» **Instructions for the task**
Everything in the listing below should be repeated exactly, apart from the pictures.

» **Data excerpt**
Segment Open

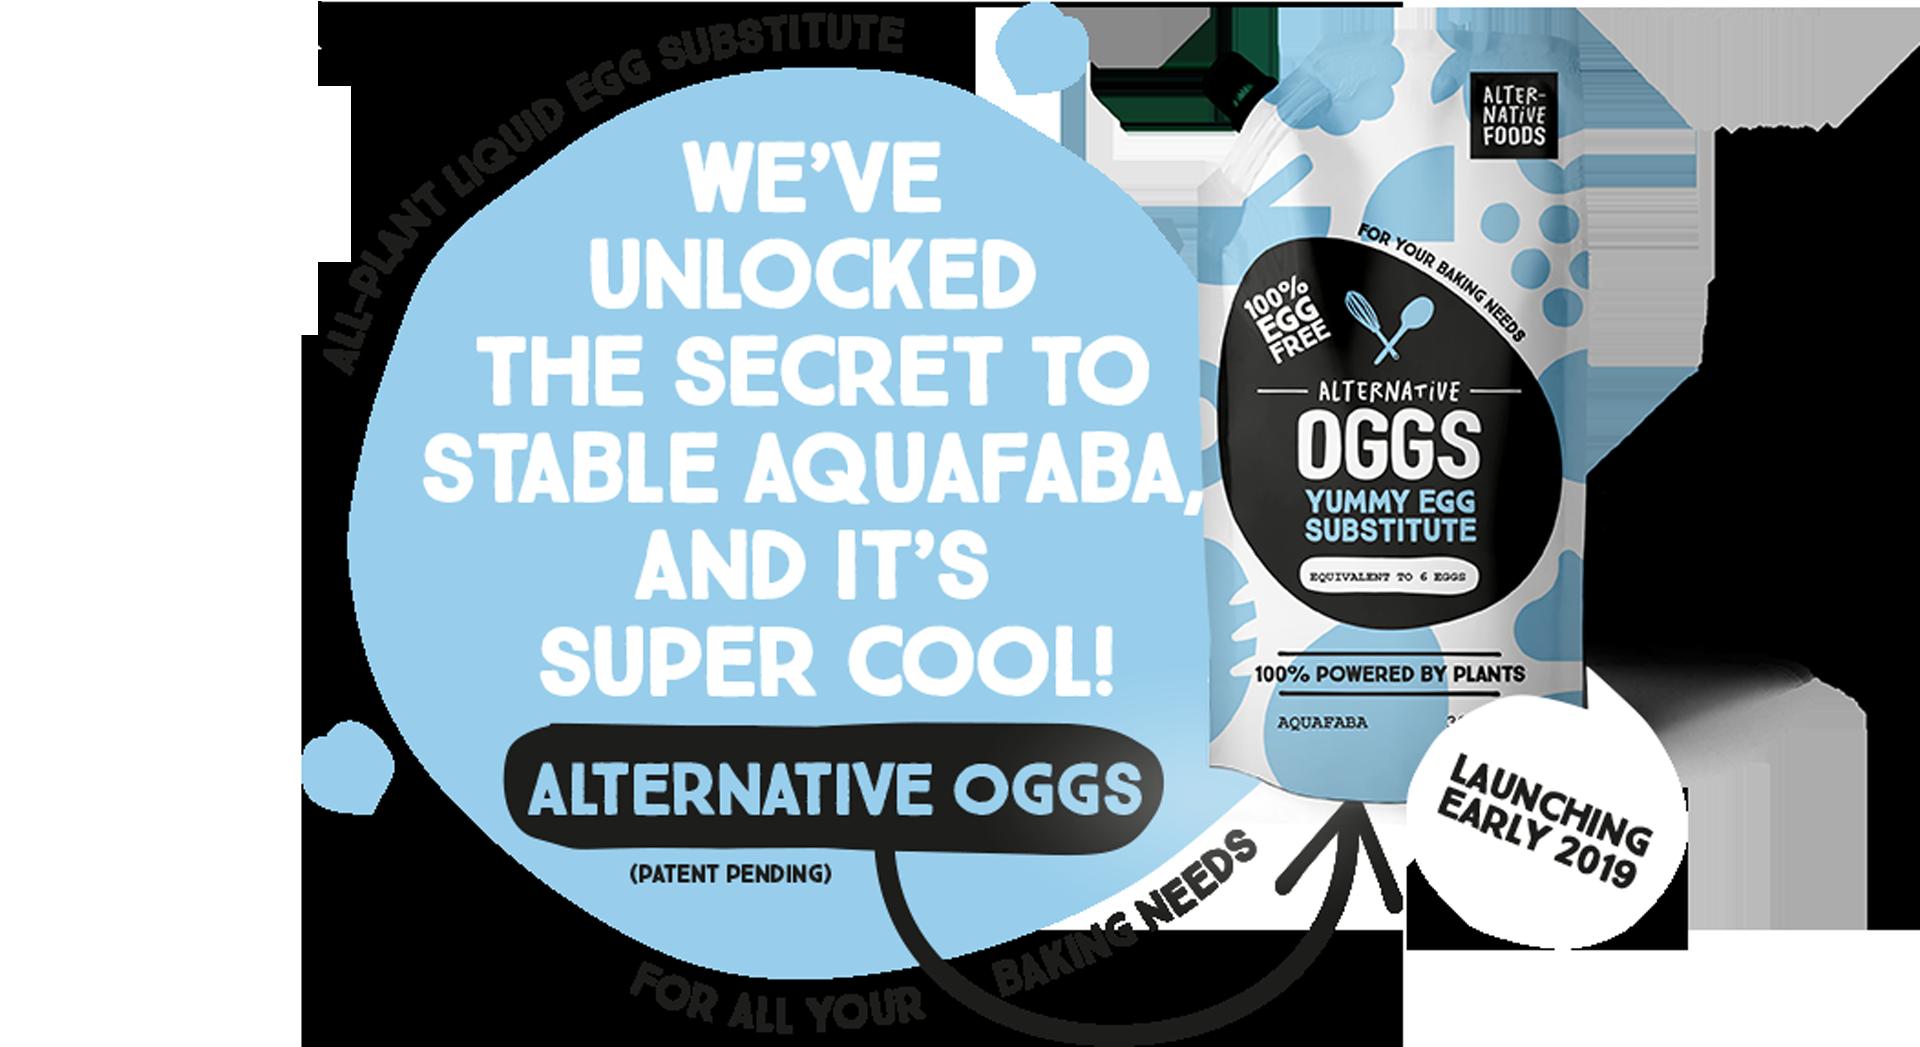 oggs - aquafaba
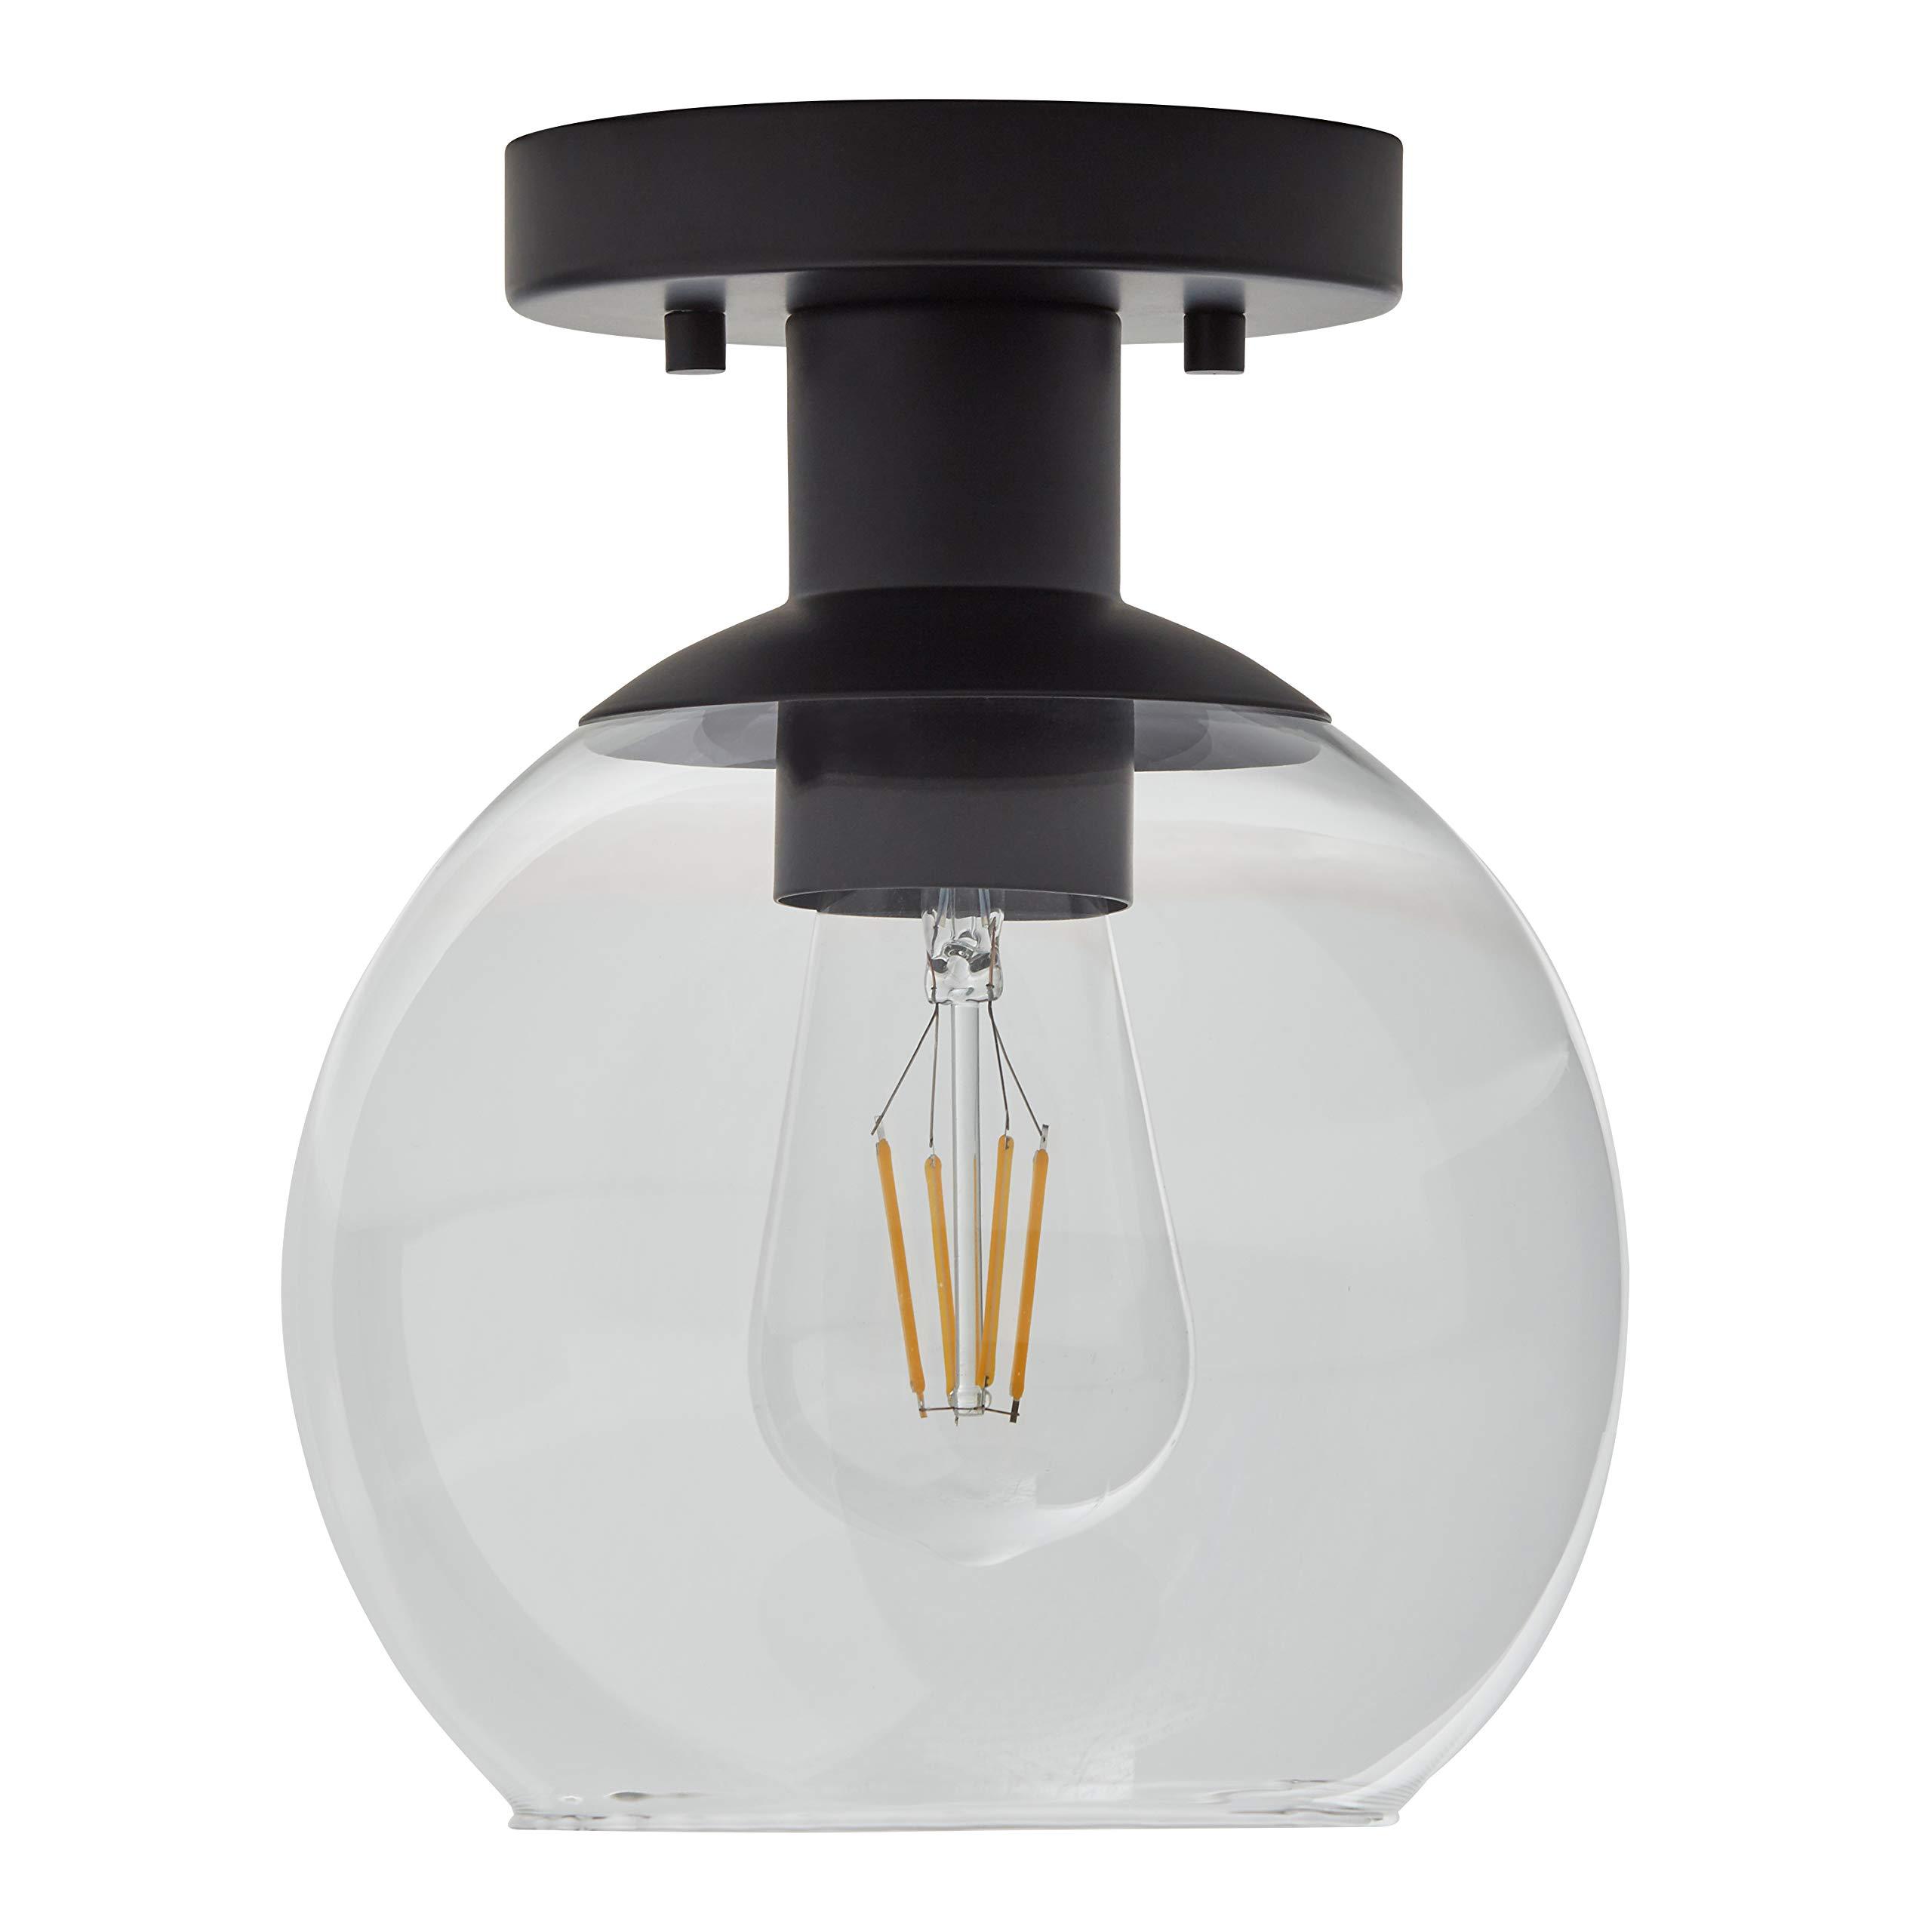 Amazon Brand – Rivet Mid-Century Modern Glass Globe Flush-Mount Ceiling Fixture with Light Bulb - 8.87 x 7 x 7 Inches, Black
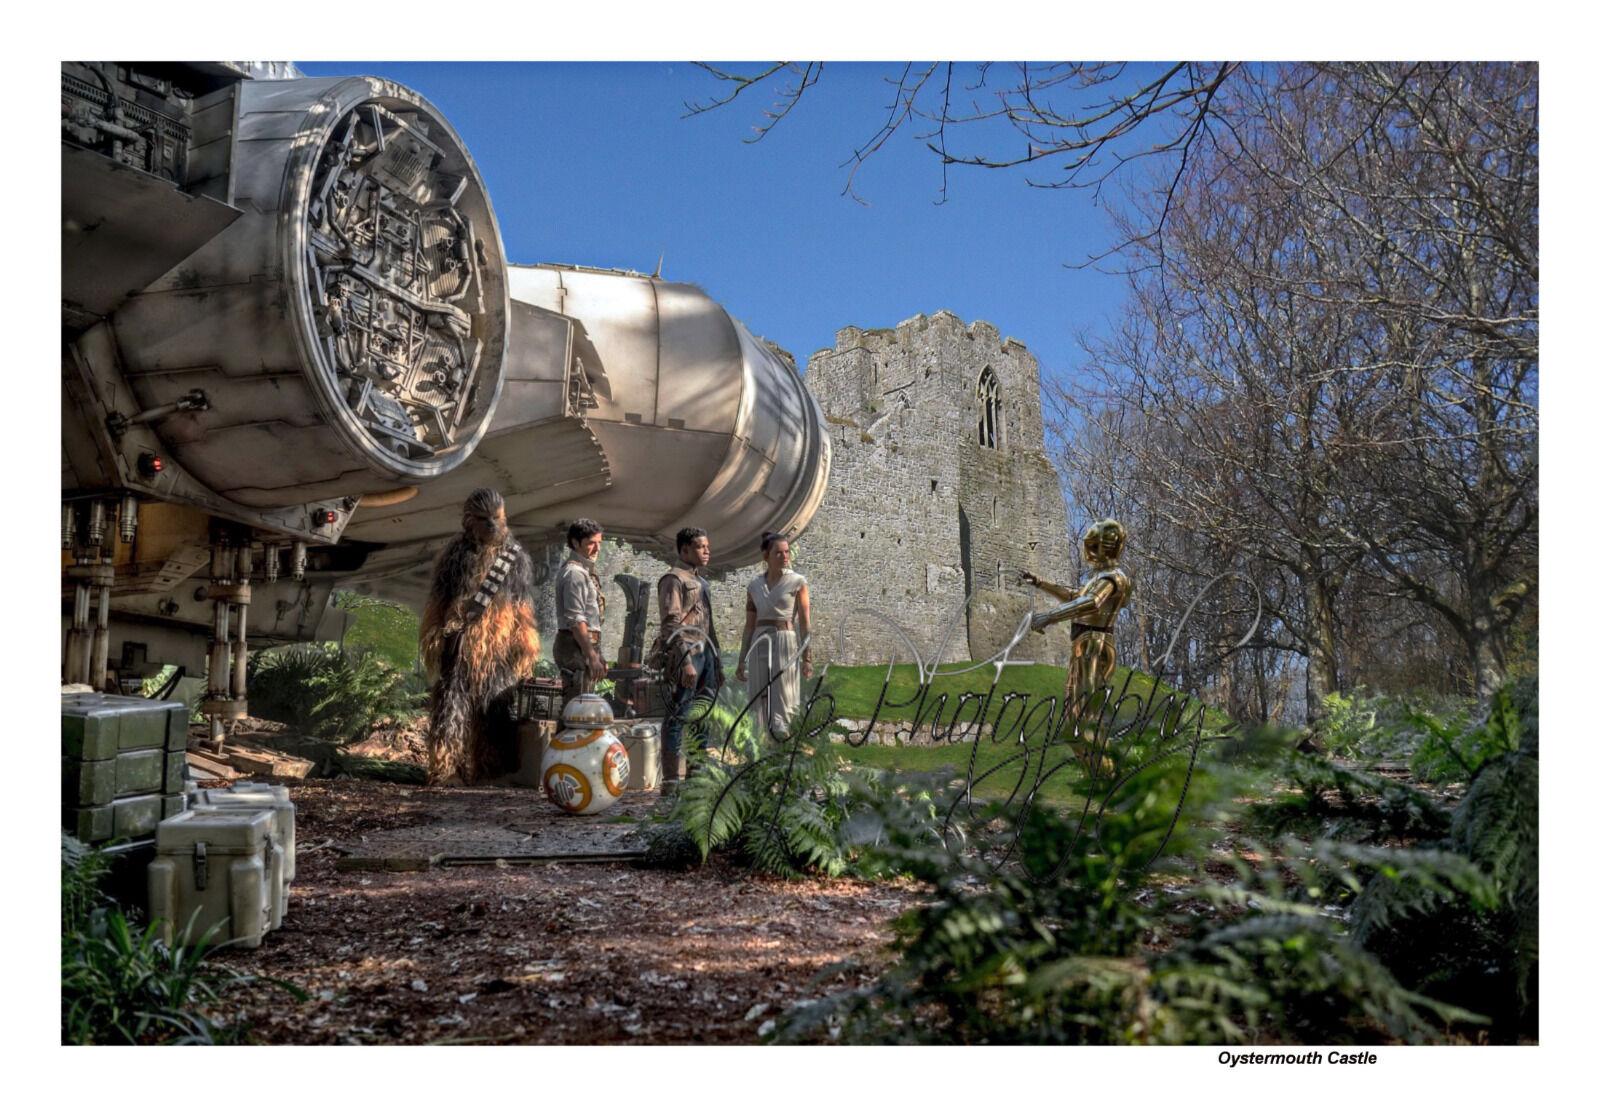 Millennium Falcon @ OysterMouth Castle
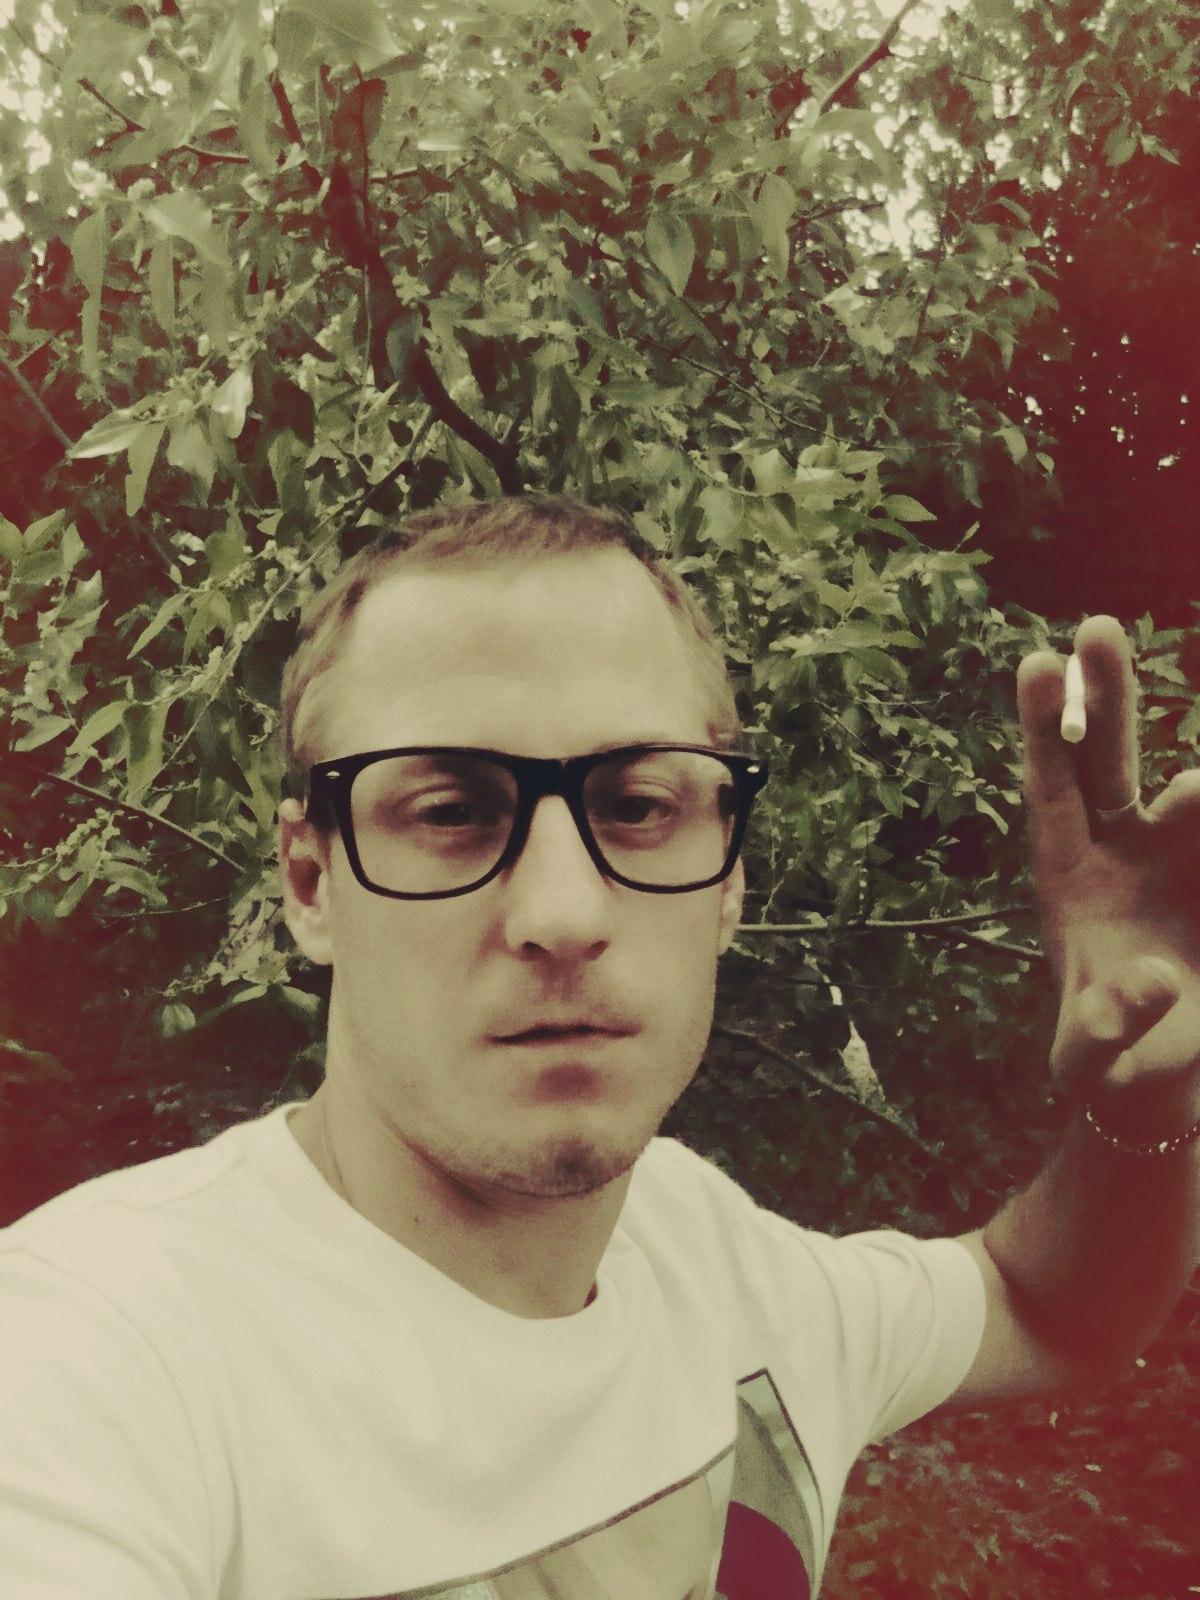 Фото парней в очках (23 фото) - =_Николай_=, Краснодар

Segment Closed

» **Finished task**
 oggs - aquafaba
 Amazon Brand – Rivet Mid-Century Modern Glass Globe Flush-Mount Ceiling Fixture with Light Bulb - 8.87 x 7 x 7 Inches, Black
 Millennium Falcon @ OysterMouth Castle
 Фото парней в очках (23 фото) - =_Николай_=, Краснодар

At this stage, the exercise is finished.